Thank you also for the link to the interview with Seto: I'm in the process of getting parts of his autobio translated from Thai into English and it may help in clarifying some murky points. He wrote it in Japanese and I believe a limited edition was published in Bangkok in 2002: I don't have the publication data for this. The two volumes were then translated into Thai and published, one by one, in 2005 and 2006 in Bangkok, and those are what I'm working with.
This multi-lingual sequence is somewhat similar to my brief interface with Seto last November in northern Thailand. He was returning from a tour of WW II sites in western Mae Hong Son and wanted to research a report that IJA troops retreating from Burma had been massacred in Muang Noi (N19°30.7 E98°30.8), a mountain village north of Pai.
The effort culminated in a scene in a small humble three-sided shelter serving as a store/restaurant in very rural Muang Noi where Seto interviewed a local Thai. Seto, fluent in Thai and Japanese, but not English, conducted the interview. He provided a running translation into Japanese for his friend and host for the tour, David Boggett, who is fluent in English and Japanese. Boggett then translated that into English for mono-lingual me. So Thai to Japanese to English. I had to recall the parlor game, "telephone message", in which a message is whispered around a table with the last person usually receiving a message vastly different from the original message. Seto's conclusion from the interview was not distorted, however: he was confident that the massacre could not have occurred.
FYI, Seto is mentally sharp, but he is encumbered by poor eyesight which forces him to move slowly and hesitantly for fear of having a fall. Fascinating fellow:
His longevity --- he's now in his late 80s --- may be attributable to spells of a very limited diet in his youth: his autobio recounts being continually hungry, not as a result of limited food supplies during the war, but rather because of a not particularly supportive step-mother.
The problem with eyesight can probably be traced to his having been hit in an eye by a bullet which lodged in his eye socket: apparently the bullet originated from a shooter who fired at least two shots: the first missed (he heard it whiz by), but the second caught him in an eye.

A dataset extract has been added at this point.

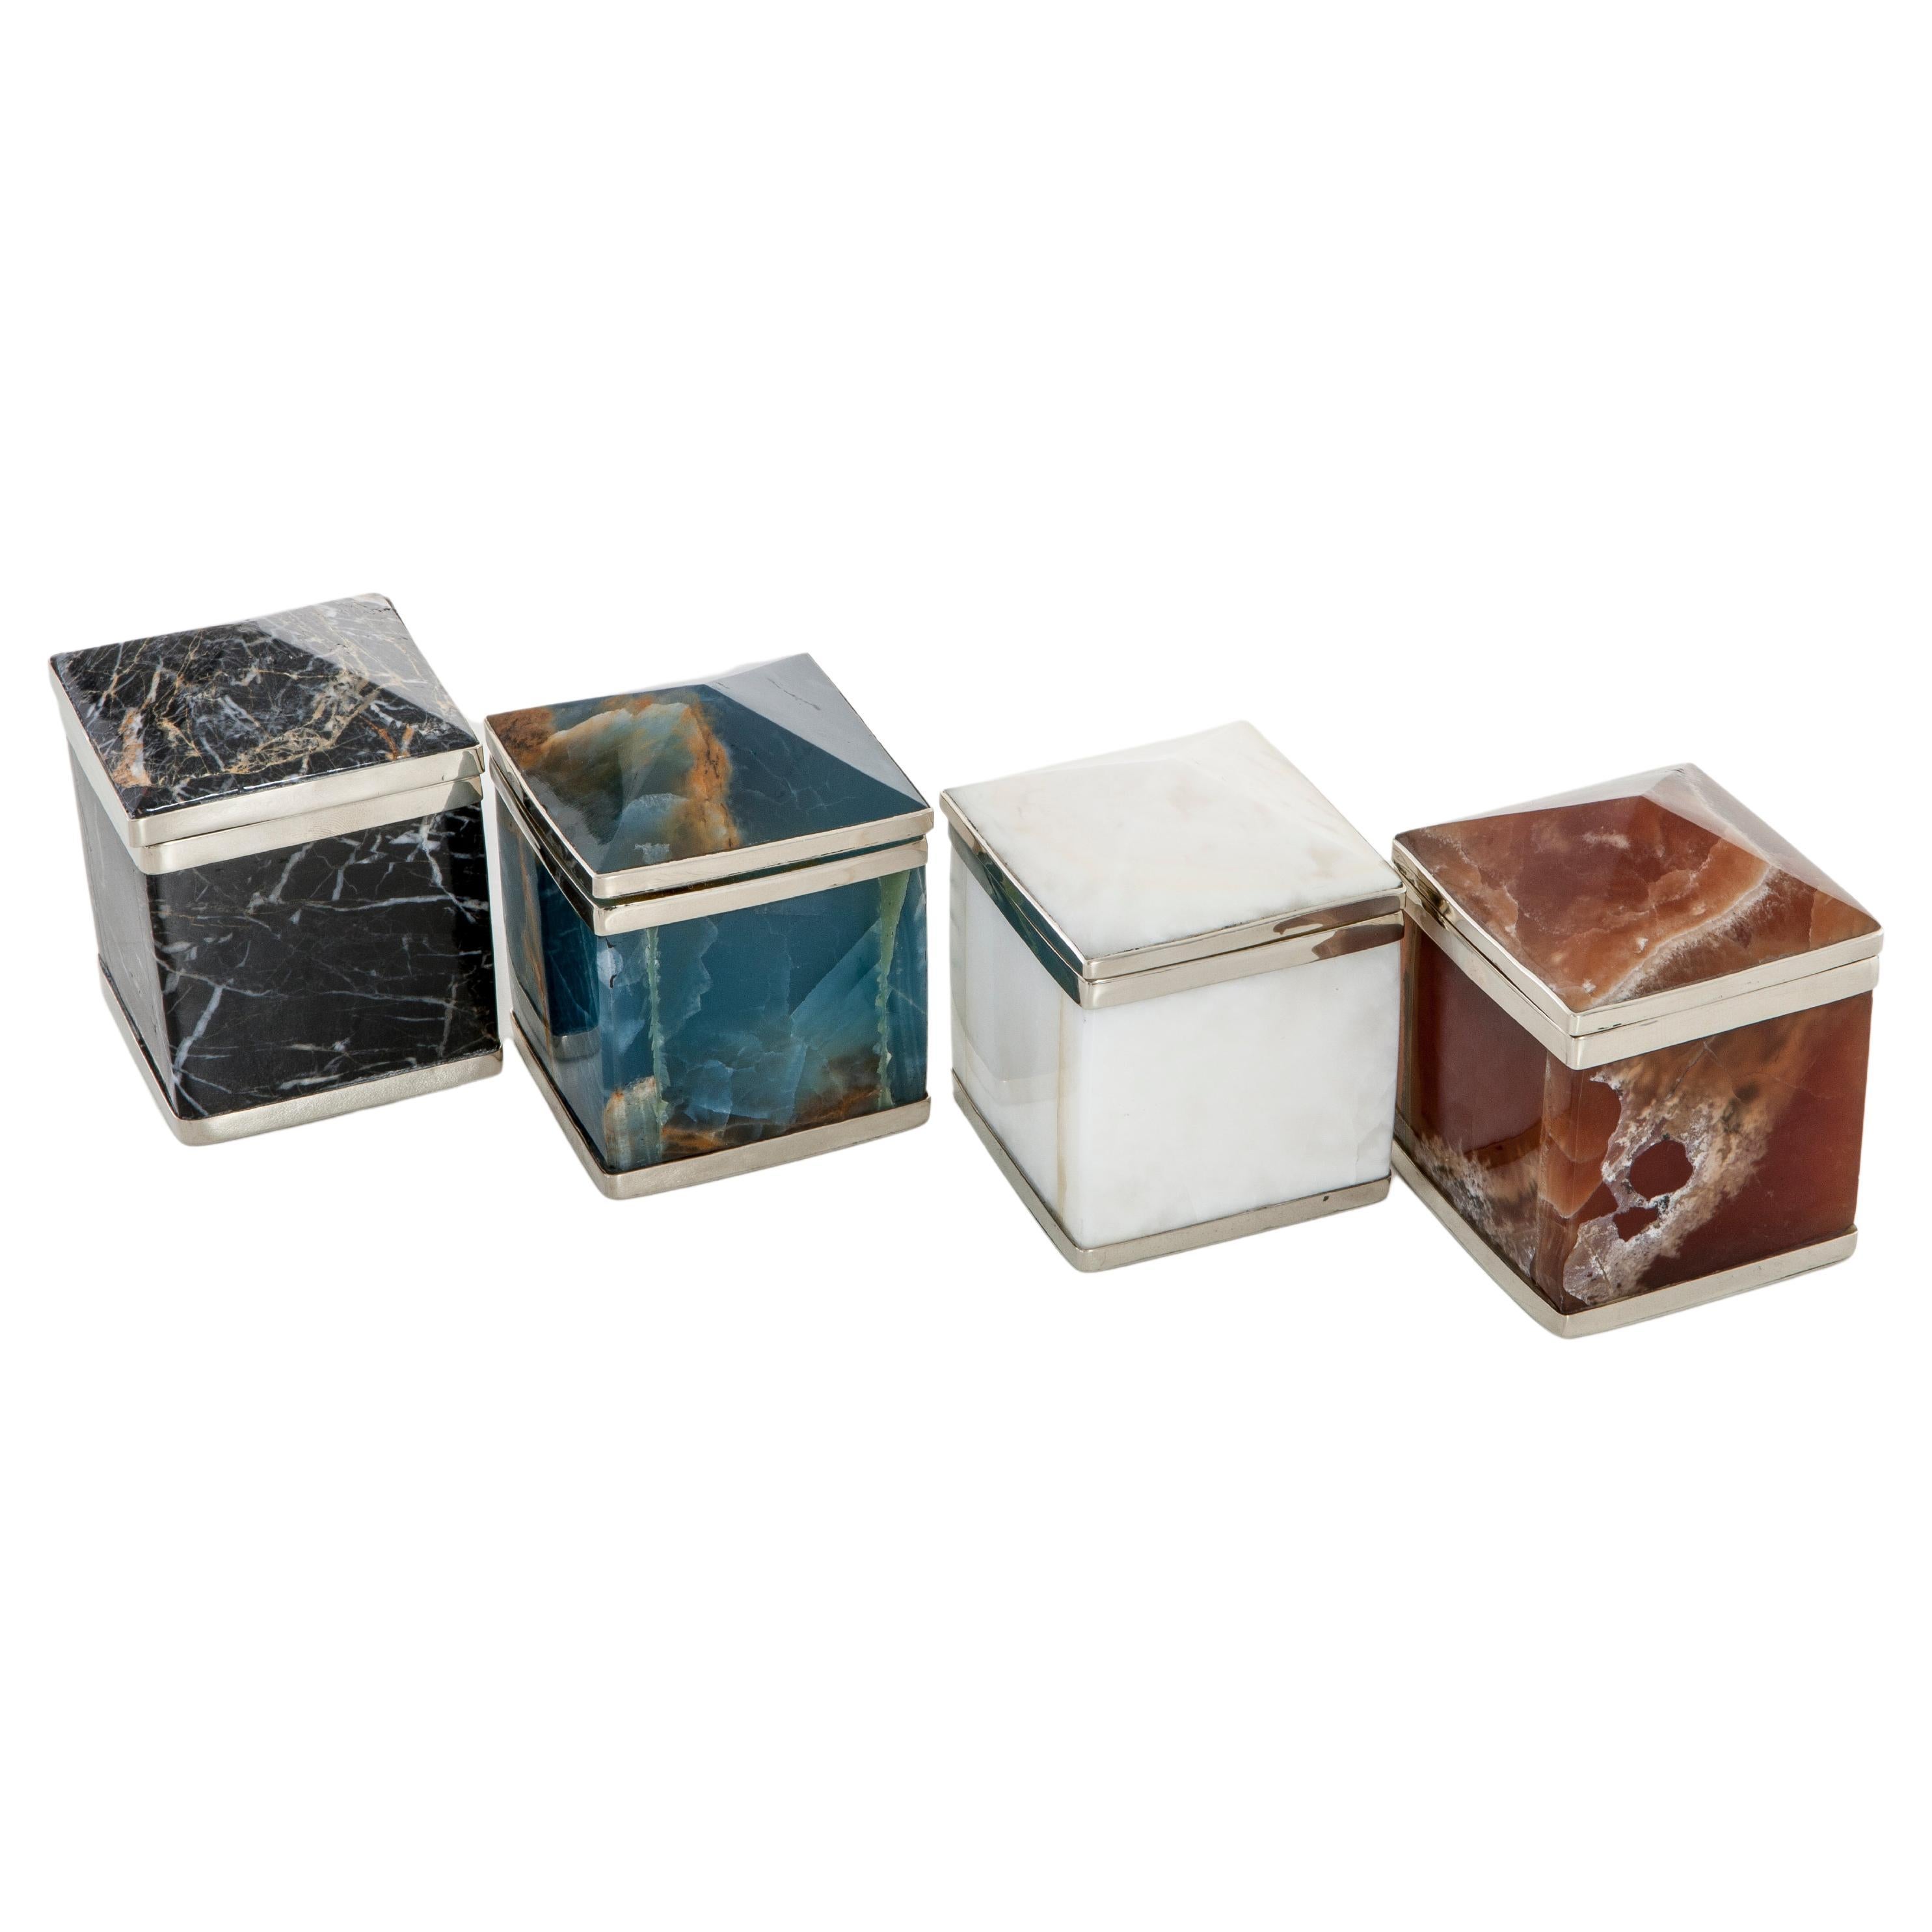 Ensemble de mini-boîtes Tronador moyennes, pierre d'onyx et alpaga argentée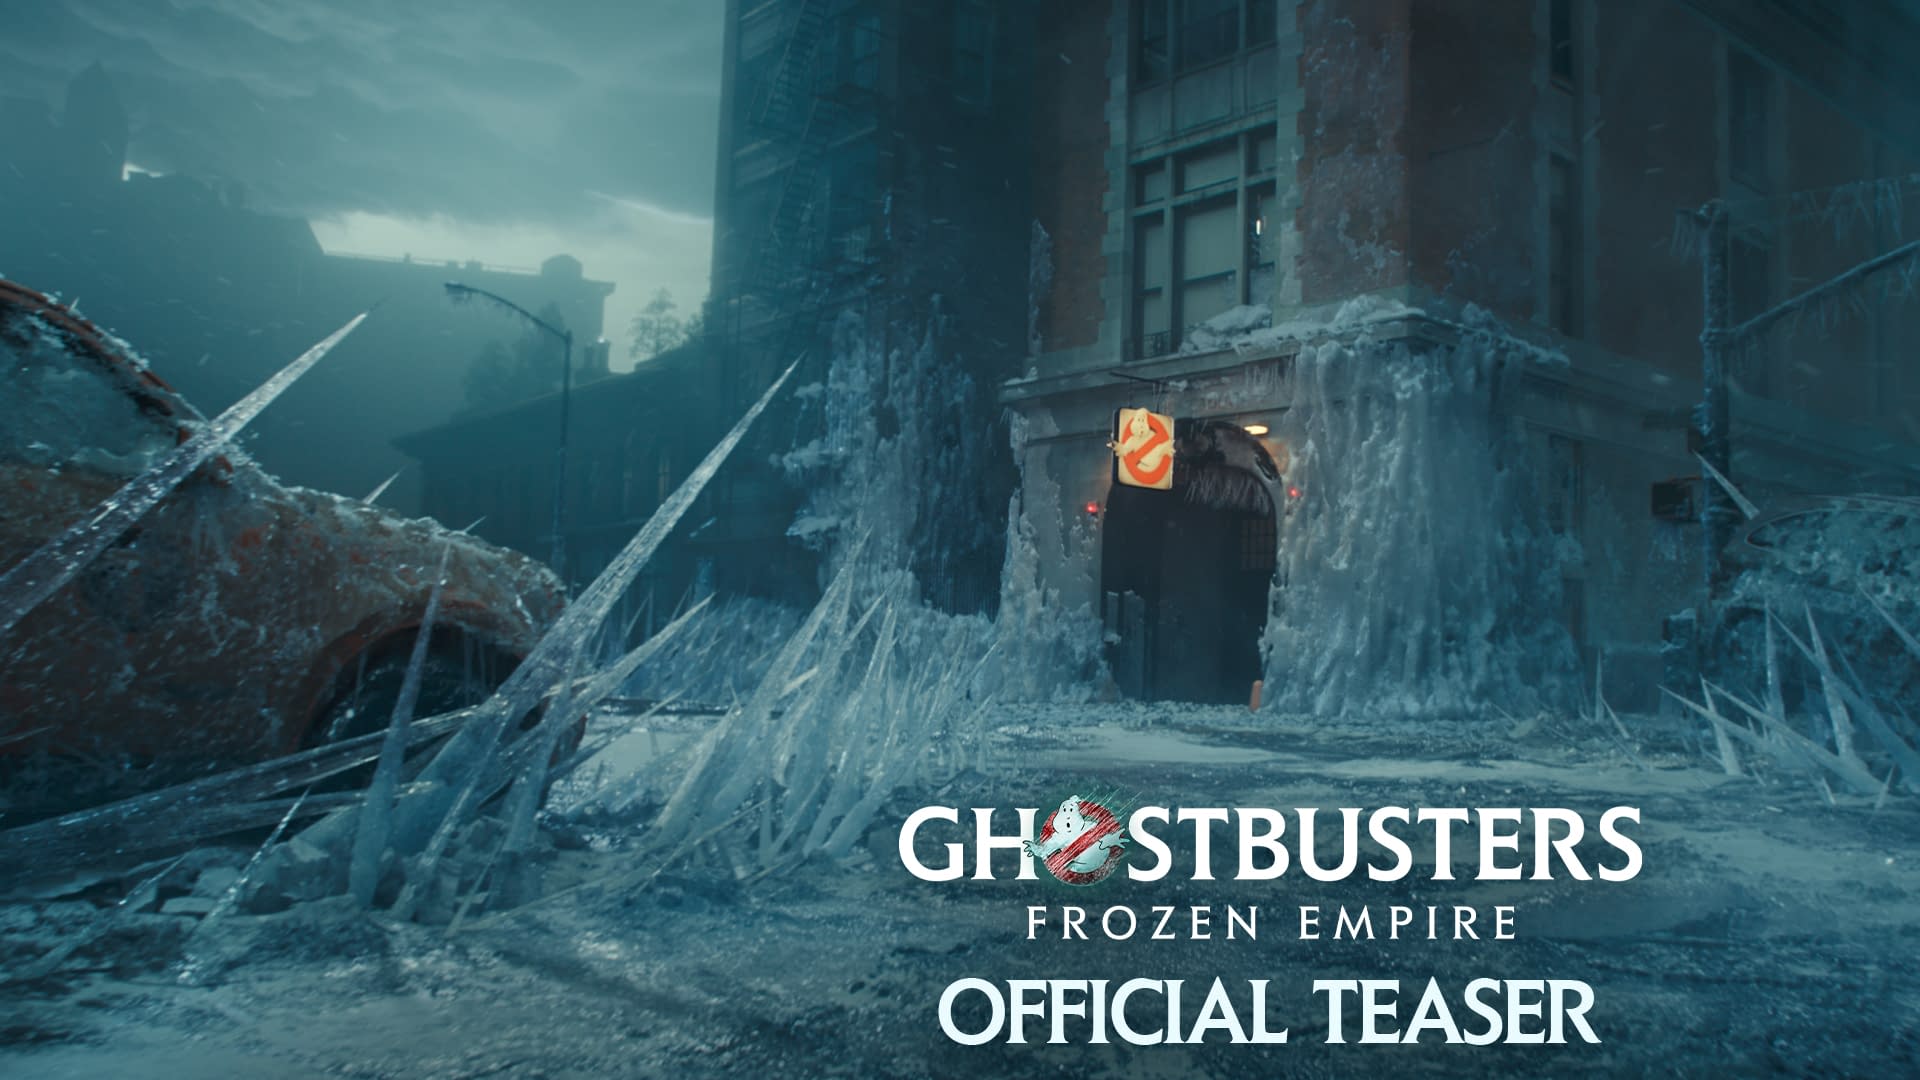 Ghostbusters Frozen Empire Teaser Trailer Released

Either the shooter was sufficiently distant that the bullet was nearly spent when it hit Seto, or the cartridge was defective. Otherwise, the bullet would have gone into his brain and probably killed him. The eyeball was not seriously damaged and he himself eventually removed the bullet after doctors shied away from the task. This occurred long after the WWII, in 1971, on a mountain hike in Surat Thani in southern Thailand. He may have been a victim, intended or otherwise, of the separatist insurgency in the south which had begun in 1948.